The object is not a single artefact but a set of long bronze strips, once nailed in bands down the height of a pair of great wooden gates at an Assyrian provincial palace. The wood is gone, rotted out of the archaeological record millennia ago. What survives is the metal: horizontal bands of bronze, each hammered in low relief - repoussé, worked from the reverse so the figures stand proud on the front face - showing processions of soldiers, chariots, captives and tribute-bearers, with a running cuneiform caption naming the campaign each scene records. It is a king's military annals turned into a functioning door, opened and shut for years by people at a minor Assyrian town who probably barely looked at the pictures under their hands.
The gates stood at Balawat, a small site near Nimrud in northern Iraq that occupies the position of the ancient town of Imgur-Enlil. They were commissioned in the name of Shalmaneser III, who ruled Assyria through much of the ninth century BCE, and their bands record the same decades of campaigning that fill his other monuments - the annals inscribed on his throne base and obelisk at Nimrud, the record of tribute exacted from kingdom after kingdom along Assyria's western frontier. A second, earlier set of bronze-banded gates from the same site, made for an earlier king, was recovered separately. Between them the two gates give Assyriologists one of the longest continuous runs of narrative relief to survive from the empire.
The bronze bands
Horizontal strips of bronze, originally fixed in registers down the height of a pair of wooden palace gates, each strip decorated in repoussé relief with a continuous frieze of soldiers, chariots, siege scenes, captives and tribute processions. A cuneiform caption runs above or beside each scene, naming the campaign, the year, and the polity being subdued or paying tribute. The bands belong among the fullest surviving narrative records of a single Assyrian king's wars.
British Museum, LondonA name from the other side of the border
What makes the gates matter to readers of the Hebrew Bible is not a single dramatic image but a name that recurs in the captions and in Shalmaneser's other inscriptions: Hazael of Damascus. Hazael appears in the books of Kings as king of Aram-Damascus, a persistent military threat to the northern kingdom of Israel across the reigns of several of its kings - a ruler remembered in the biblical account as having seized the Aramean throne by killing his predecessor. Assyrian sources describe the same man, from the outside, as a usurper who took the throne of Damascus and who Shalmaneser fought and boxed into his own capital during one of the campaigns the gate-bands commemorate.

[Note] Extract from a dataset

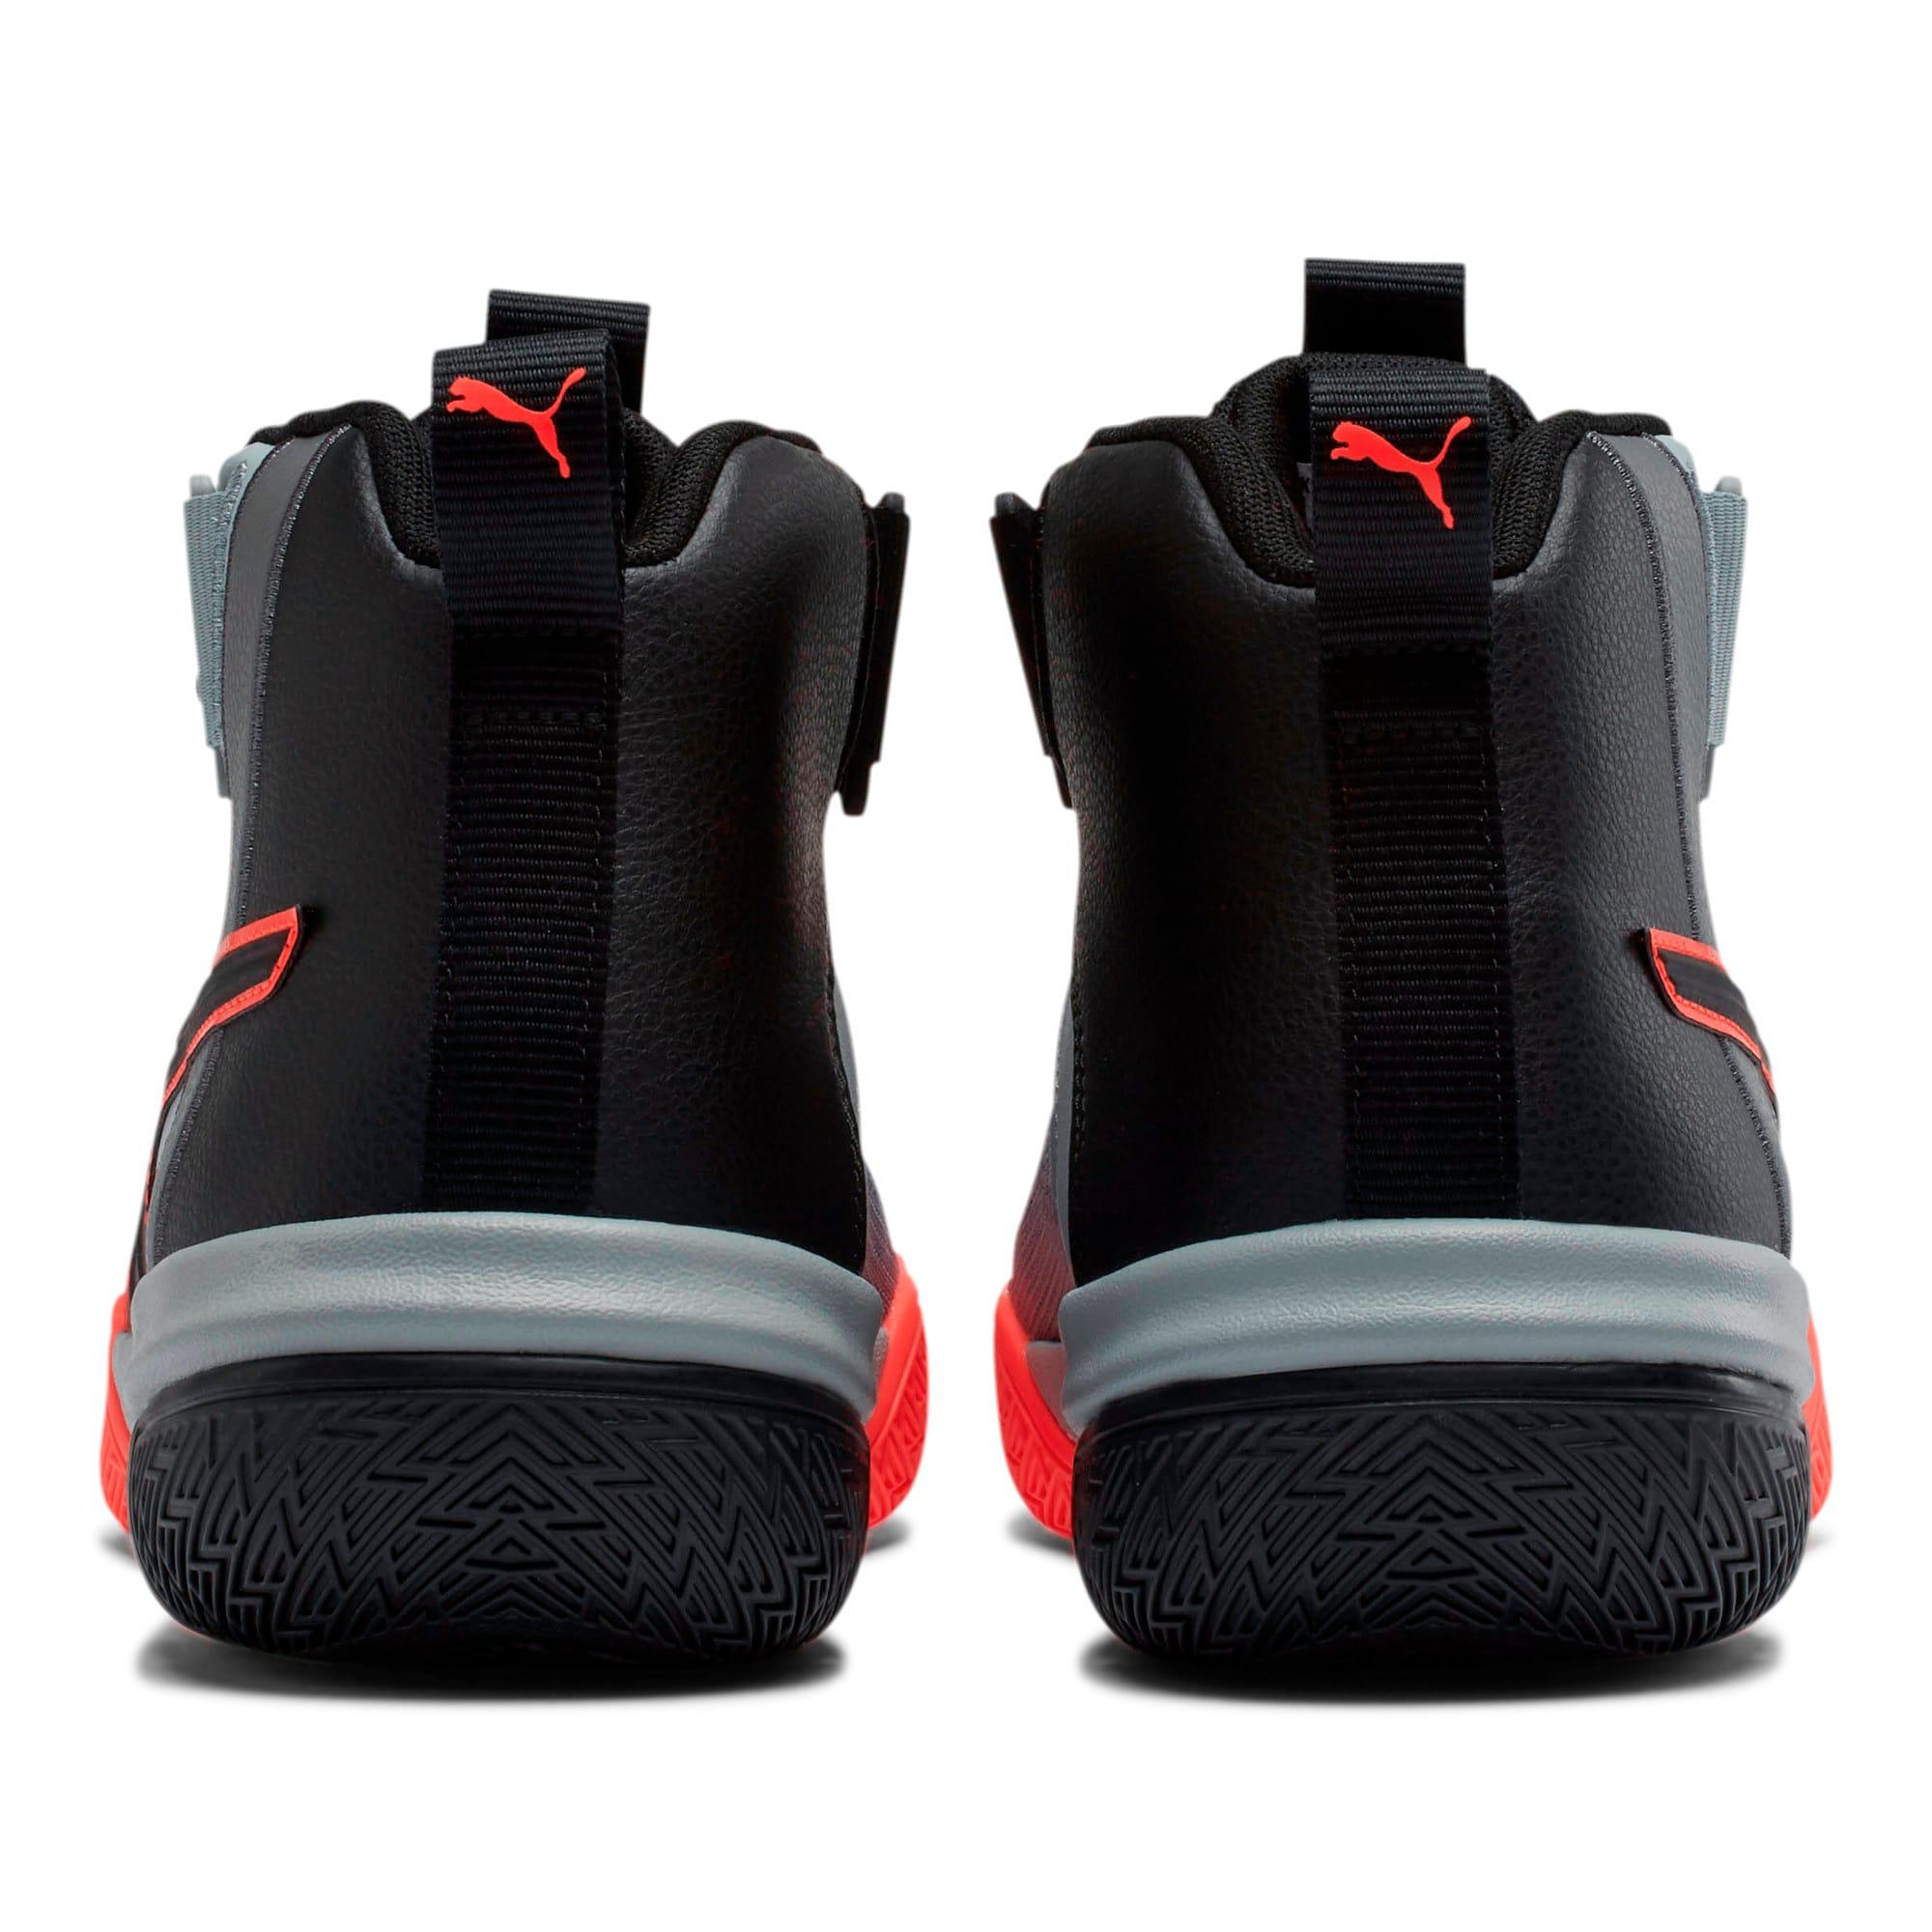 Thumbnail 3 of Legacy Disrupt Basketball Shoes, Puma Black-Red Blast, medium

Neither record was written with the other in mind. The biblical narrative is theological history, concerned with Israel's kings and their fidelity; the Assyrian bands are royal self-glorification, concerned with tribute extracted and cities besieged. That the same figure, ruling the same kingdom in the same rough window of the ninth century BCE, appears independently in both is exactly the kind of cross-check the stone register exists to supply. Aram-Damascus was not a detail invented for the biblical story. It was a real, contested, well-armed neighbour, described in these terms by the empire that fought it too.
The Damascus campaigns
Captions on the gate-bands and Shalmaneser III's other inscriptions record repeated campaigns against Hazael of Damascus, describing him as having taken the Aramean throne without dynastic right and recounting battles in which Assyrian forces defeated his army and shut him inside his own capital. The same Hazael appears in the books of Kings as king of Aram, in conflict with the northern kingdom of Israel across the reigns of several Israelite kings of the period.
British Museum, LondonWhy it matters as evidence
The gates were made for an Assyrian audience and an Assyrian purpose - to remind everyone who passed through them, for as long as the gates hung, of a king's victories. They were not made to corroborate anything in Israel's own record, and that is exactly their value. A source with no stake in the biblical narrative, writing in a different language and a different genre, for a different god, independently places a named Aramean king at war in the region and period the biblical account describes, fighting the same kind of small Levantine states - Israel among them - that the Assyrian annals treat as tribute-payers on their western frontier.
The gates also do something the stone monuments of Nimrud and Nineveh mostly cannot: they show scale. A relief carved into a palace wall records one moment. A pair of gates banded top to bottom in bronze, opened and closed for a working lifetime, records a habit of empire - conquest turned into architecture, war folded into the daily furniture of a minor town. Reading the Hazael captions against the books of Kings does not settle every question either text raises about the other. It does establish that both were describing a real, contested ninth-century world, and that neither side needed the other's permission to remember it that way.